ReaderOutputException

Bases: ReaderException

Raised when ReaderOutput has not a valid structure.

Source code in src/splitter_mr/schema/exceptions.py
14
15
class ReaderOutputException(ReaderException):
    """Raised when ReaderOutput has not a valid structure."""

ReaderConfigException

Bases: ReaderException, ValueError

Raised when invalid parameters are passed to the Reader configuration.

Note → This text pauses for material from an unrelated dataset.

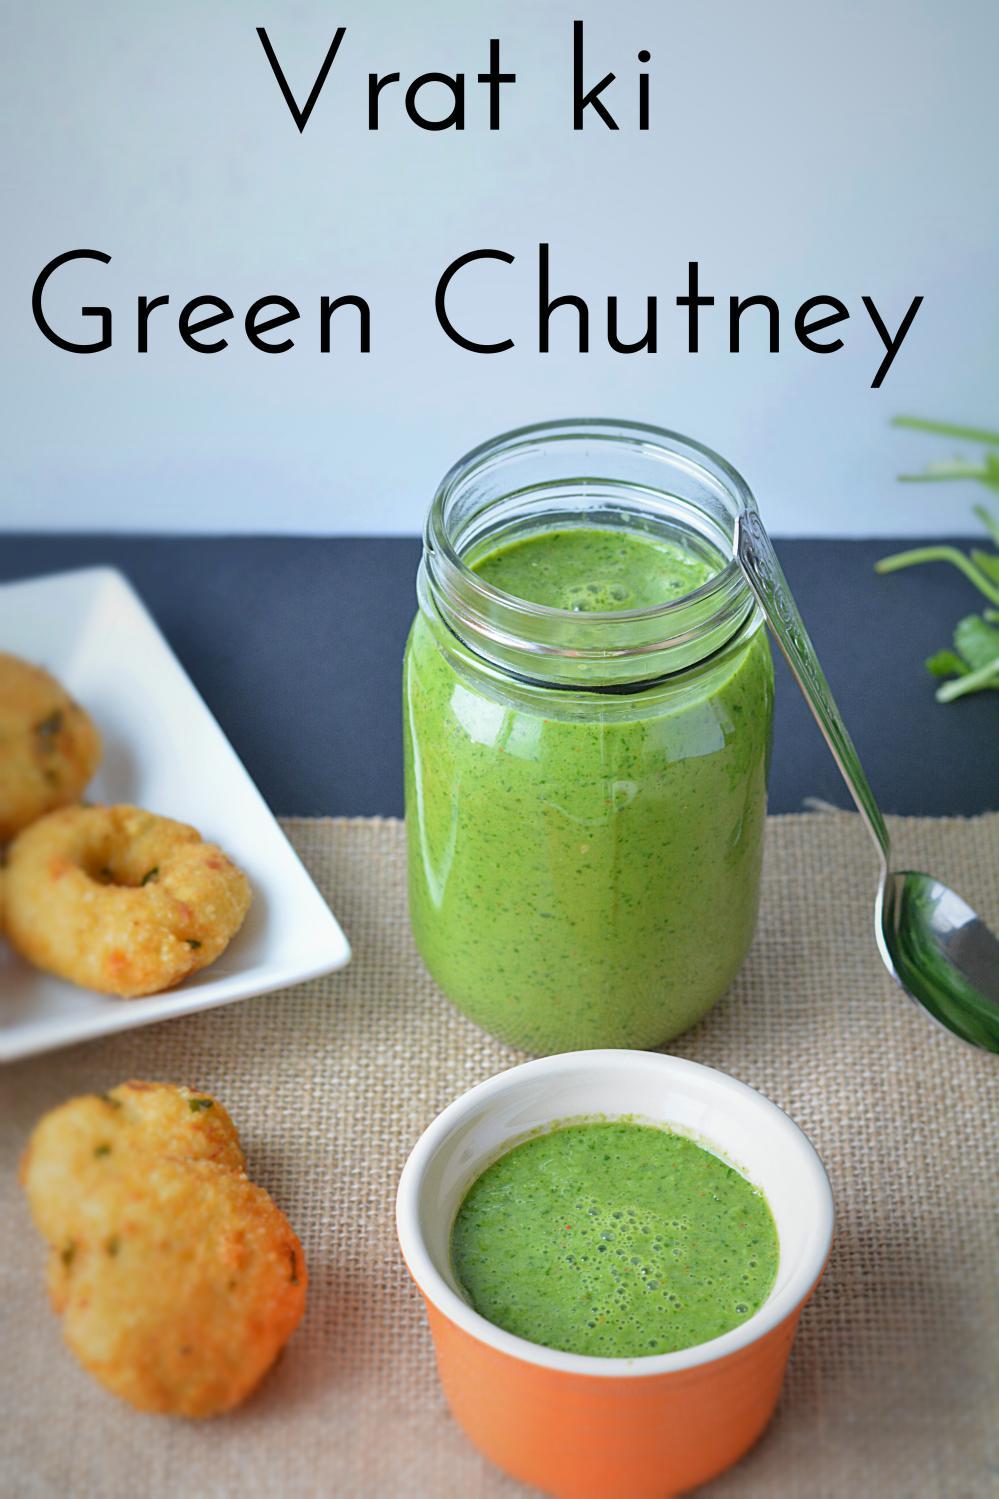 Vrat ki Green Chutney

Source code in src/splitter_mr/schema/exceptions.py
28
29
30
31
class ReaderConfigException(ReaderException, ValueError):
    """
    Raised when invalid parameters are passed to the Reader configuration.
    """

Typical cases:

  • Unsupported file extension or mode.
  • Mutually incompatible flags (e.g., page-splitting options on formats that don’t support it).
  • Invalid values (negative sizes, unknown enum-like strings, etc.).

Readers

VanillaReaderException

Bases: ReaderException, RuntimeError

Raised when VanillaReader–based document conversion fails. Wraps exceptions coming from vanilla_reader.exceptions.VanillaReaderError.

Source code in src/splitter_mr/schema/exceptions.py
37
38
39
40
41
class VanillaReaderException(ReaderException, RuntimeError):
    """
    Raised when VanillaReader–based document conversion fails.
    Wraps exceptions coming from vanilla_reader.exceptions.VanillaReaderError.
    """

Note

Wraps exceptions coming from vanilla_reader.exceptions.VanillaReaderError.

Typical cases:

  • A subprocess/tool invocation fails (if used internally)
  • Conversion/parse errors for JSON/XML/YAML/CSV/Parquet, etc.
  • Filesystem/temporary directory issues during conversion

MarkItDownReaderException

Bases: ReaderException, RuntimeError

Raised when MarkItDown–based document conversion fails in MarkItDownReader. Wraps exceptions coming from markitdown.exceptions.MarkItDownError.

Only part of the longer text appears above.